Chlamydastis funicularis

Scientific classification
- Kingdom: Animalia
- Phylum: Arthropoda
- Clade: Pancrustacea
- Class: Insecta
- Order: Lepidoptera
- Family: Depressariidae
- Genus: Chlamydastis
- Species: C. funicularis
- Binomial name: Chlamydastis funicularis (Meyrick, 1926)
- Synonyms: Ptilogenes funicularis Meyrick, 1926;

= Chlamydastis funicularis =

- Authority: (Meyrick, 1926)
- Synonyms: Ptilogenes funicularis Meyrick, 1926

Species of moth

Chlamydastis funicularis is a moth of the family Depressariidae. It is found in French Guiana.

The wingspan is about 23 mm. The forewings are light brownish, sprinkled violet-fuscous and dark fuscous, especially on the edges of the veins.

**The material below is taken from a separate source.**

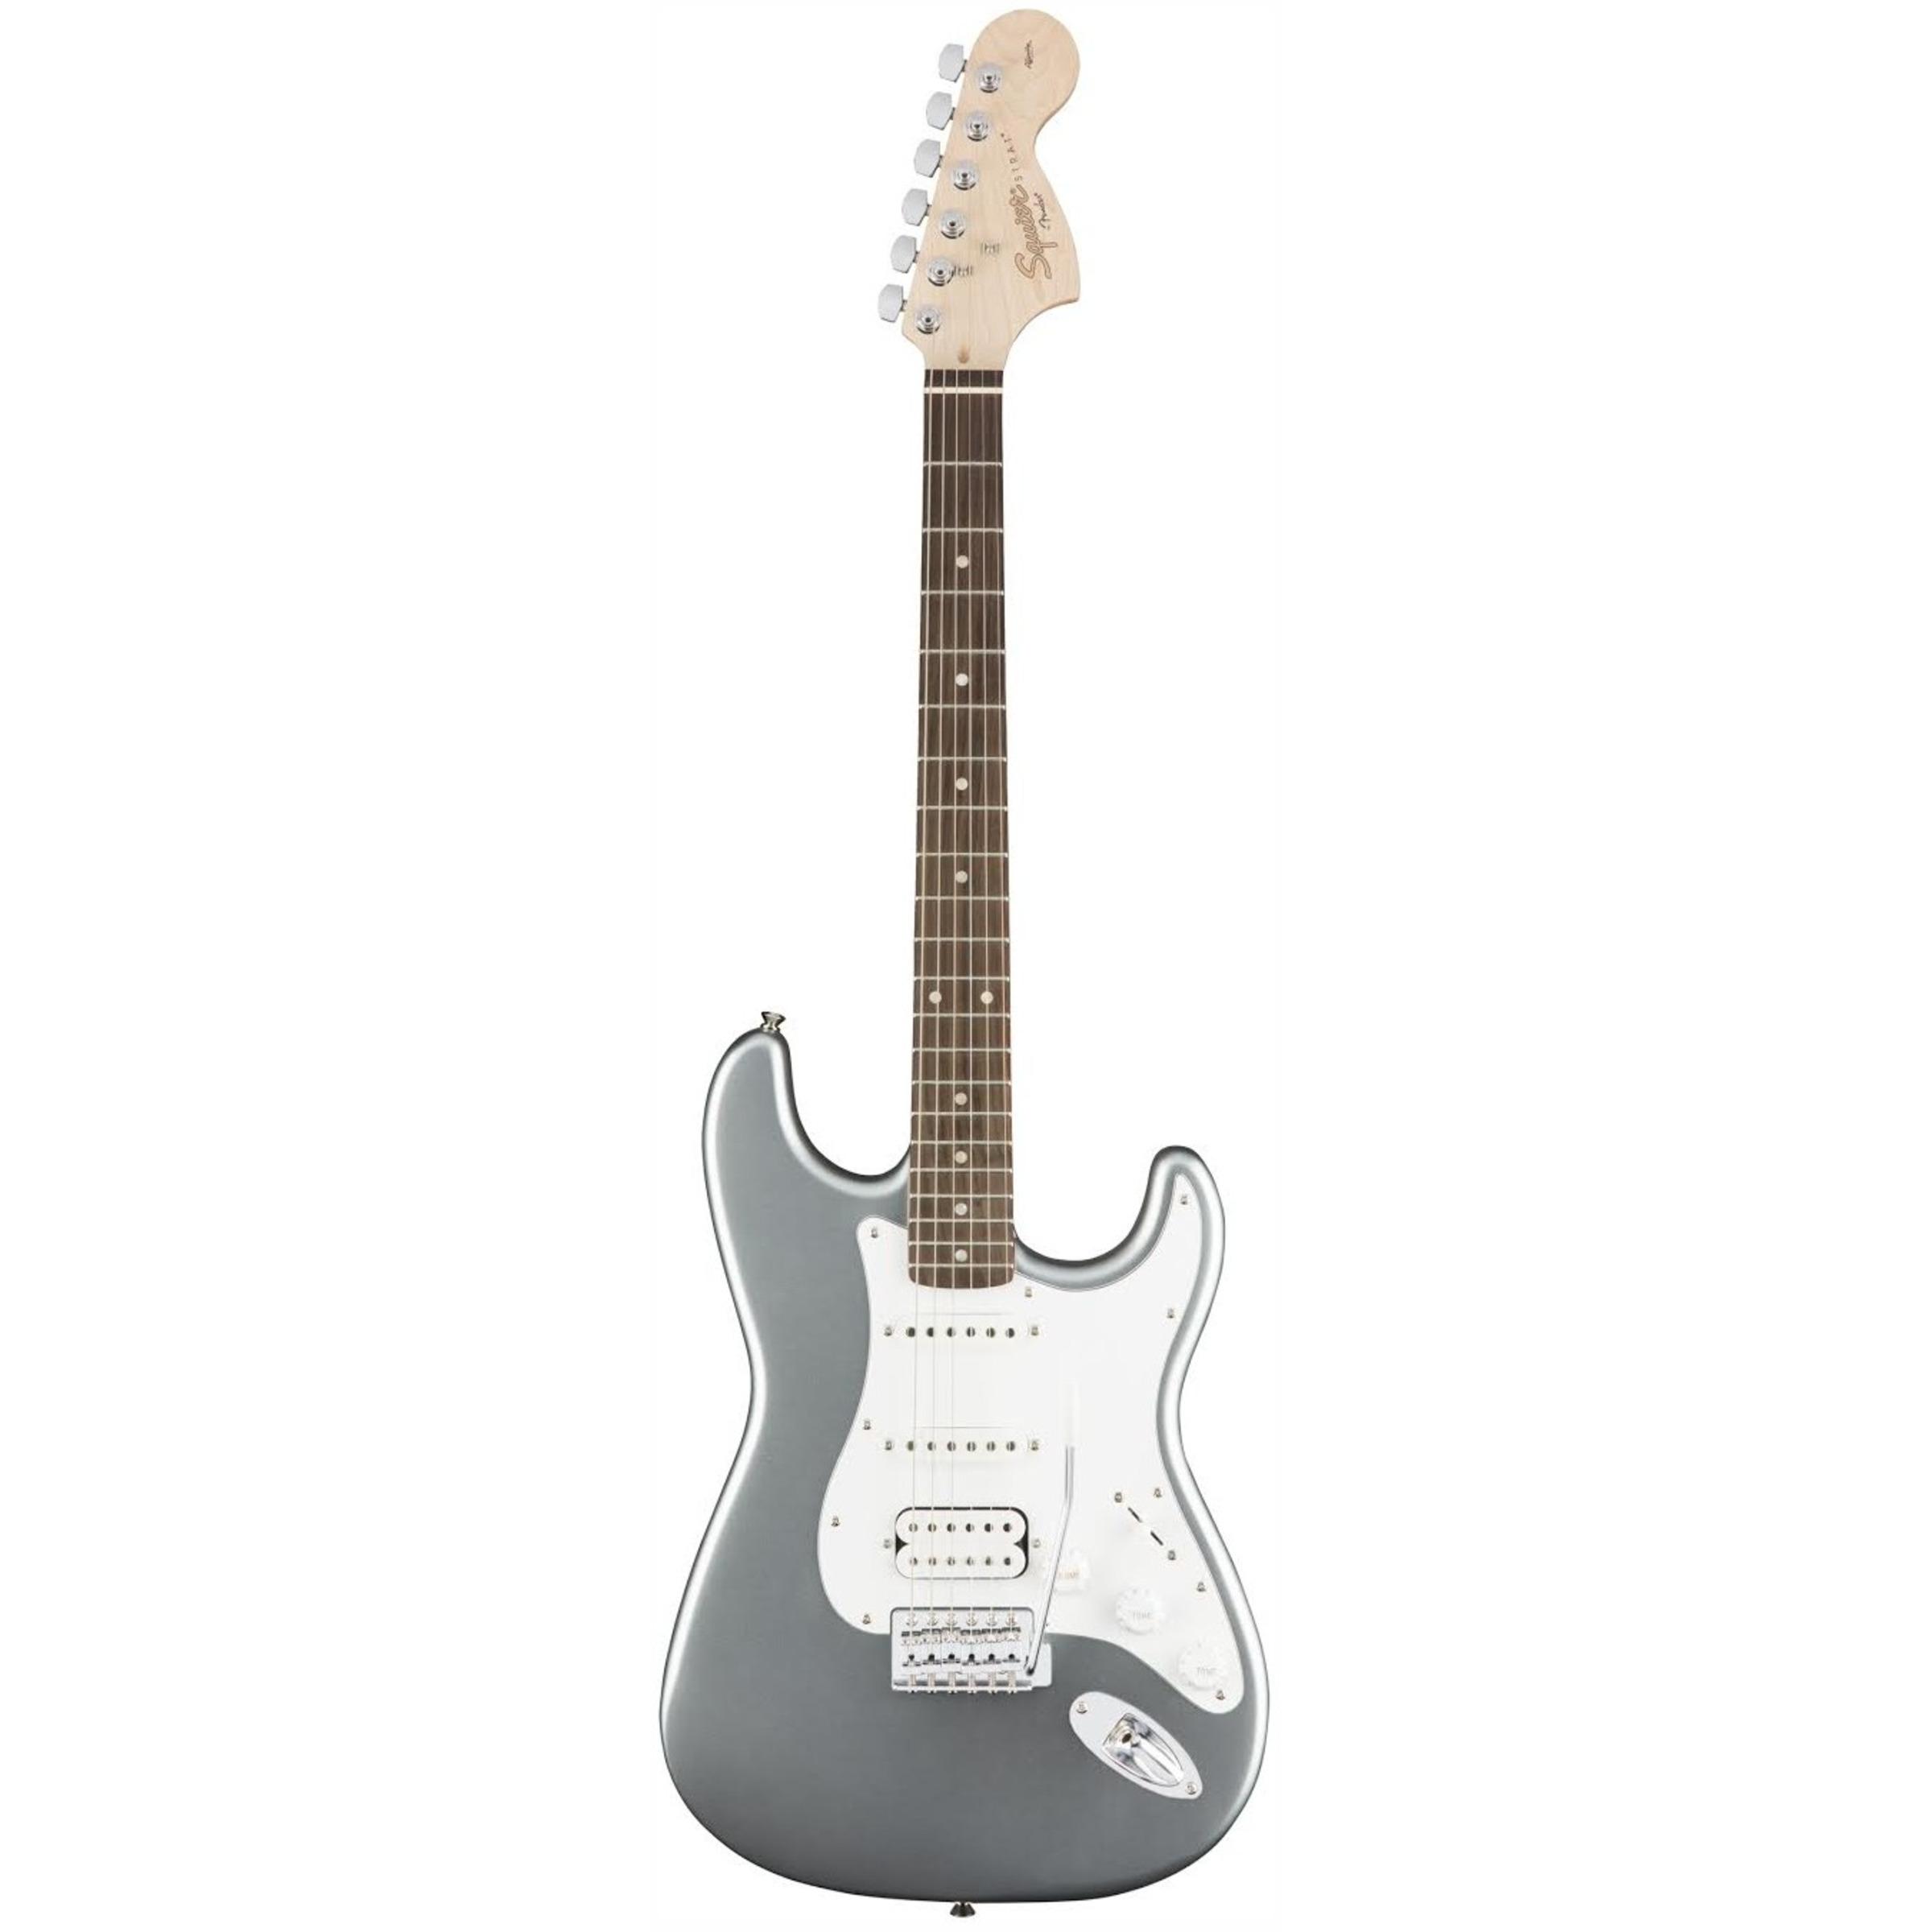 squier affinity stratocaster hss electric guitar giggear. Black Bedroom Furniture Sets. Home Design Ideas

The costal edge is white with about ten small elongate dark fuscous spots or marks and there is some irregular dark streaking in the cell, and an indistinct irregular dentate rather oblique dark fuscous line at about one-third, as well as a terminal series of dark fuscous marks preceded by whitish suffusion between the veins. The hindwings are rather dark grey, the apical edge whitish.